There have been whispers of late that the ‘cooking of the books’ that got Greece into the Eurozone to begin with was done at the behest of the European financial sector and that it may not be restricted to Greece.  It is not hard to understand why: the more countries which use the Euro, the more ‘customers’ there are for the banks.  Where the ‘extra’ notes were the English goldsmiths’ dirty little secret, one wonders whether the cooking of the books of southern European countries is the dirty little secret of today’s European financial sector.

It is also important to understand how the interests of political society and the financial sector coincide.  The first order of political society is to get elected.  Southern European political society – Greece’s included – has accomplished this by making promises which cannot possibly be kept.  The financial sector has been happy to paper over these falsehoods.  They do so by printing money and lending it out at interest in the form of ‘sovereign debt’.

But as the ‘deal’ has proven, there is nothing sovereign about this debt; indeed this debt has come at the cost of Greek financial sovereignty.  But if ‘sovereignty’ is to have a financial dimension, this must be the case for both the debtor and the creditor.  The fundamental problem with having the financial sector – with their shareholders’ investment at stake – in control of the money supply is how the financial sovereignty of the creditor nations is protected at all costs and the financial sovereignty of the debtor nation is completely exposed; some are more ‘sovereign’ than others.  If this state of affairs is allowed to stand - with no 'haircuts' for the creditors - all risk has been shifted to the debtor and no risk is assumed by the creditor.  The irresponsible lending – and therefore the irresponsible borrowing – will only continue until even the slightest breeze strews this tower of cards throughout the whole house.
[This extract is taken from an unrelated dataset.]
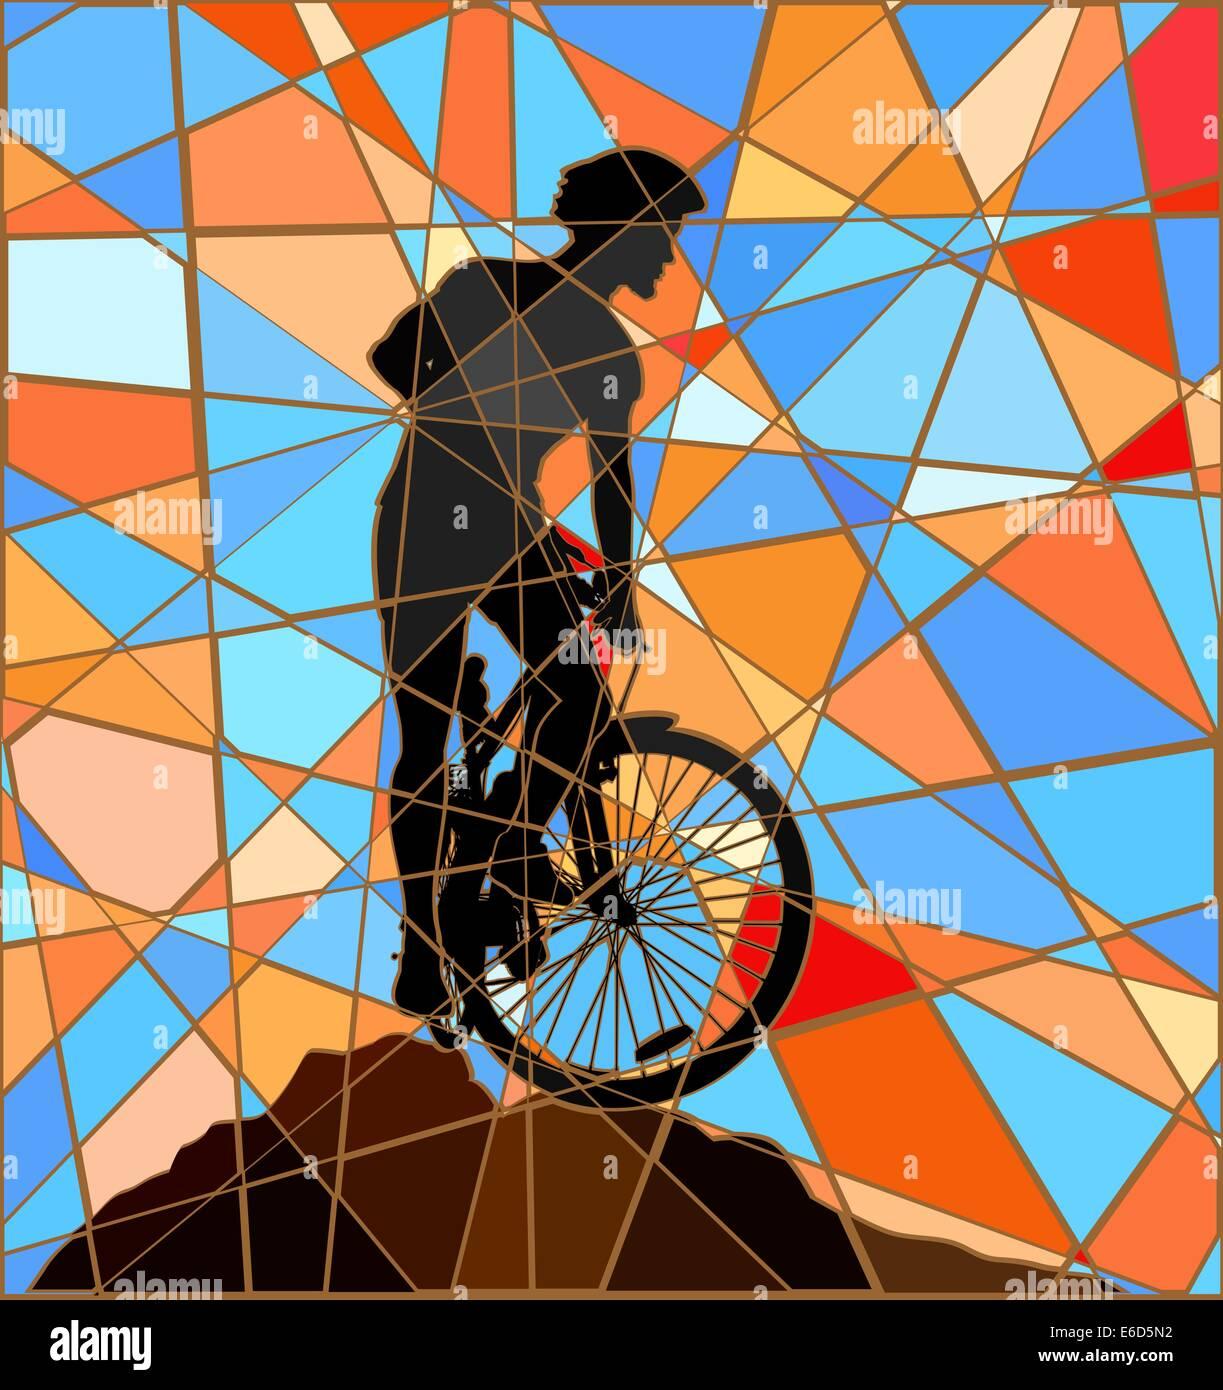 Vettoriale modificabile mosaico colorato illustrazione di un mountain biker silhouette alta su un crinale Immagini Stock

To reject the terms of this ‘deal’ will be an immense sacrifice for the Greek people.  But they will have both their sovereignty and their dignity back.  The problem is you cannot feed your children and your aged with either sovereignty or dignity.  If they choose this route – and for the sake of my children and grandchildren I hope they do – they will go down in history once again as those who led the world away from the cliff that is ‘sovereign debt’.  But in order to lead in such an historic way, the people of Greece must first give birth to an energetic civil society and take the social reigns from political society so they can then have a smaller government, with a lower tax burden, and actually begin innovating, improving things in the real economy and creating real wealth again.

Political society – Greece’s included – has failed to lead us to prosperity.  It is now up to civil society to show the way.